What is expected: If you see a picture in the data below, omit it and copy the rest exactly.

Data extract:
• • • • • • •

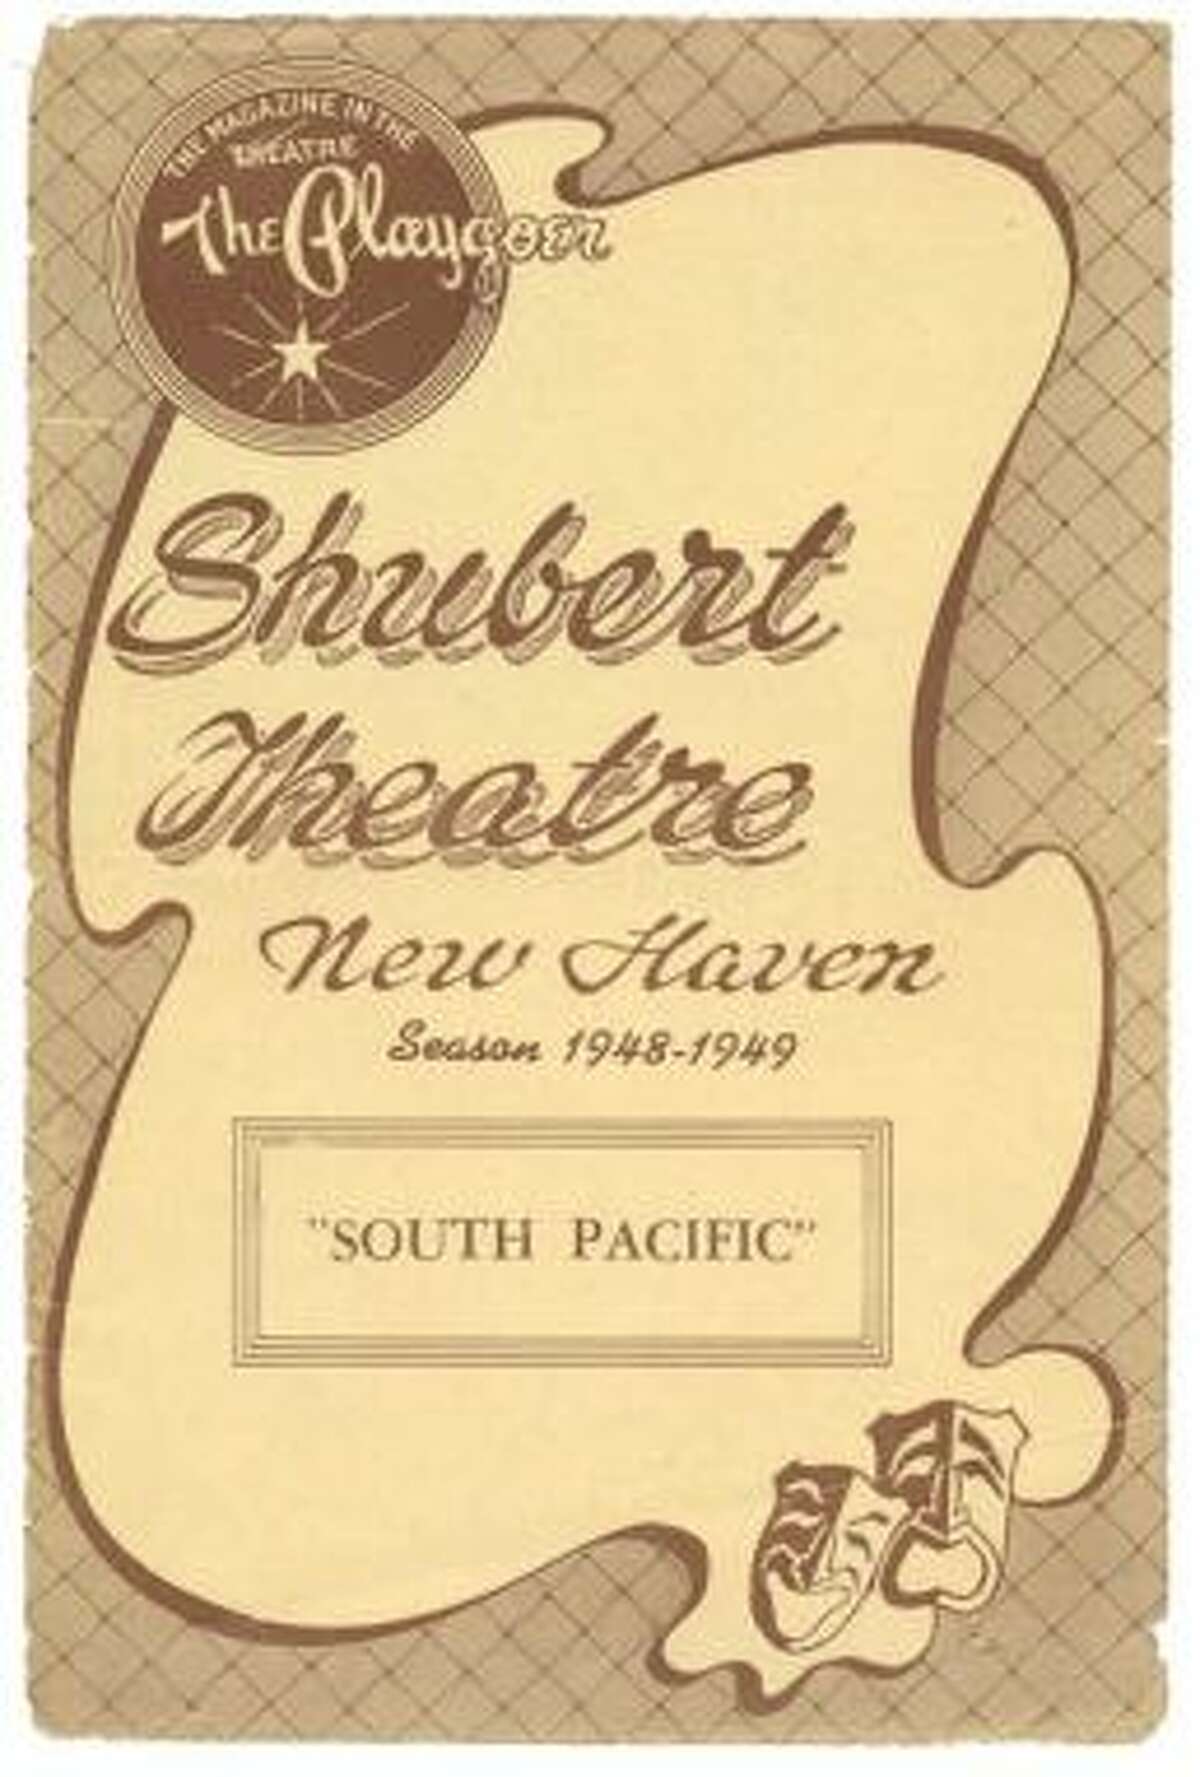 The "South Pacific" playbill, 1949
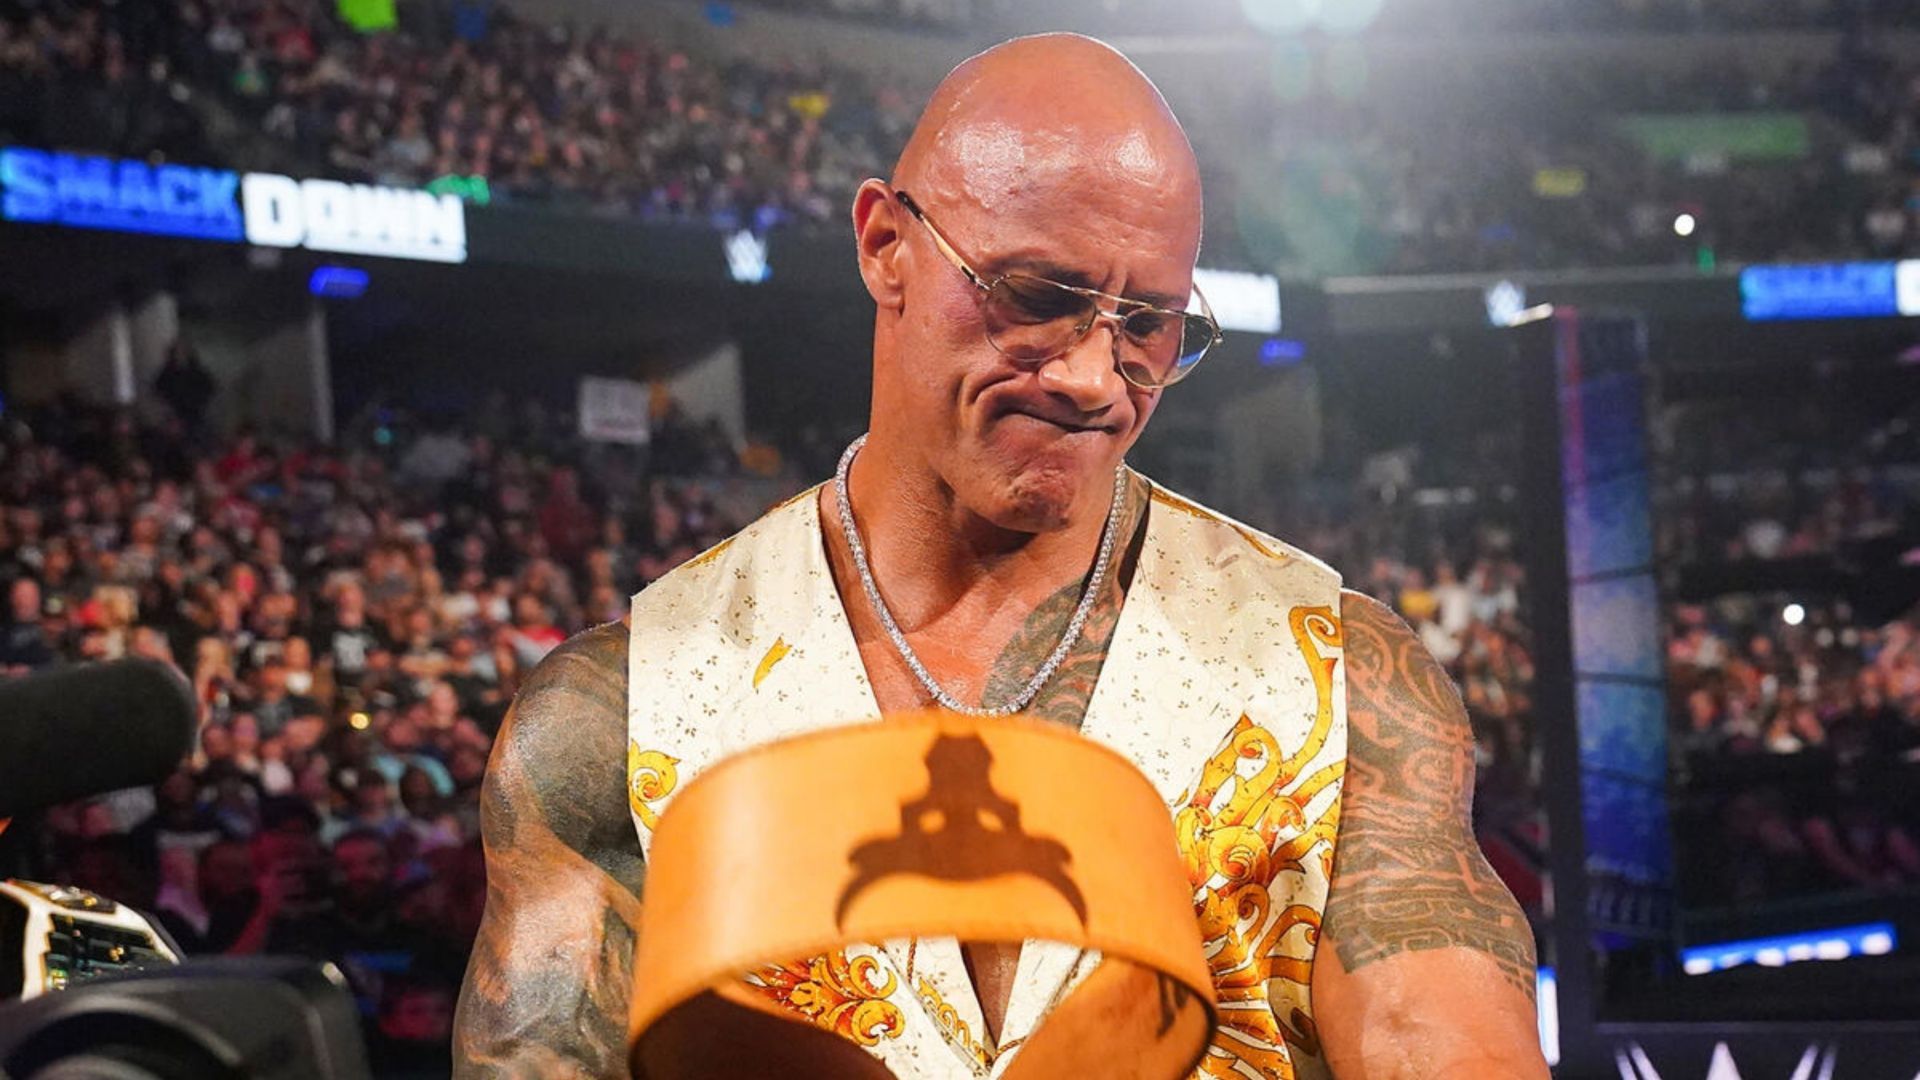 The Rock will wrestle at WWE WrestleMania XL
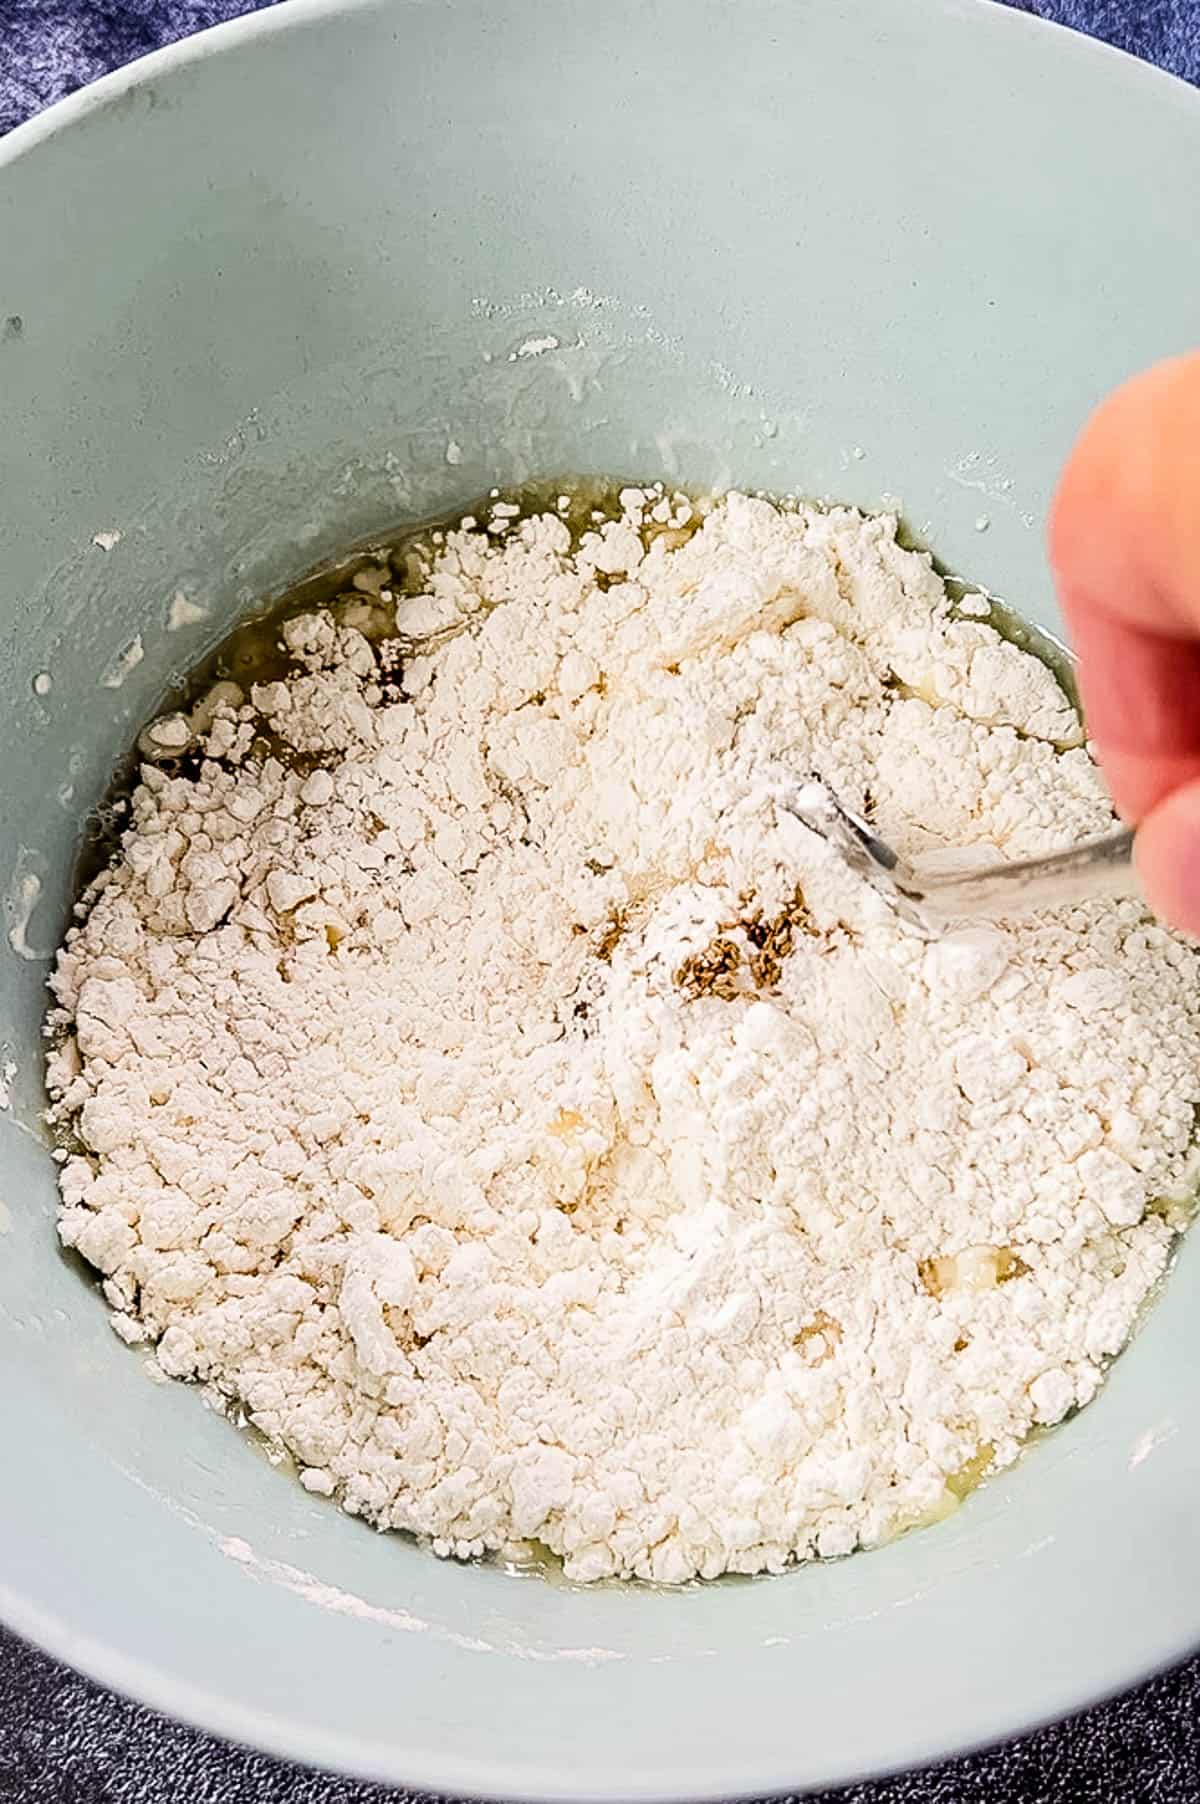 A person mixing flour in a bowl with a spoon while preparing air fryer samosas.
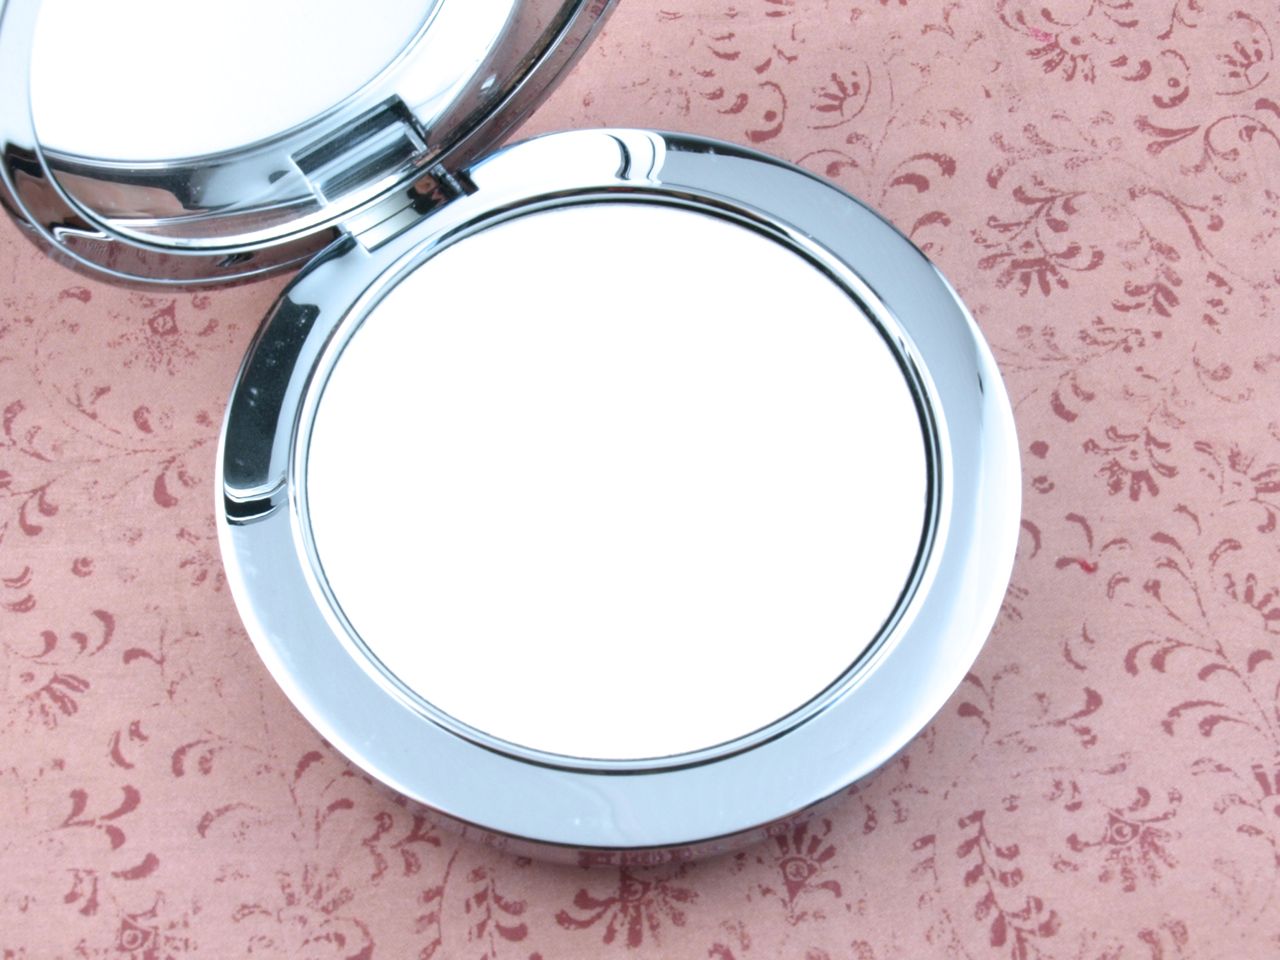 Rodial Instaglam Compact Deluxe Translucent HD Powder: Review

• • • • • • •

Exercise response:
 The "South Pacific" playbill, 1949
 The Rock will wrestle at WWE WrestleMania XL
 A person mixing flour in a bowl with a spoon while preparing air fryer samosas.
 Rodial Instaglam Compact Deluxe Translucent HD Powder: Review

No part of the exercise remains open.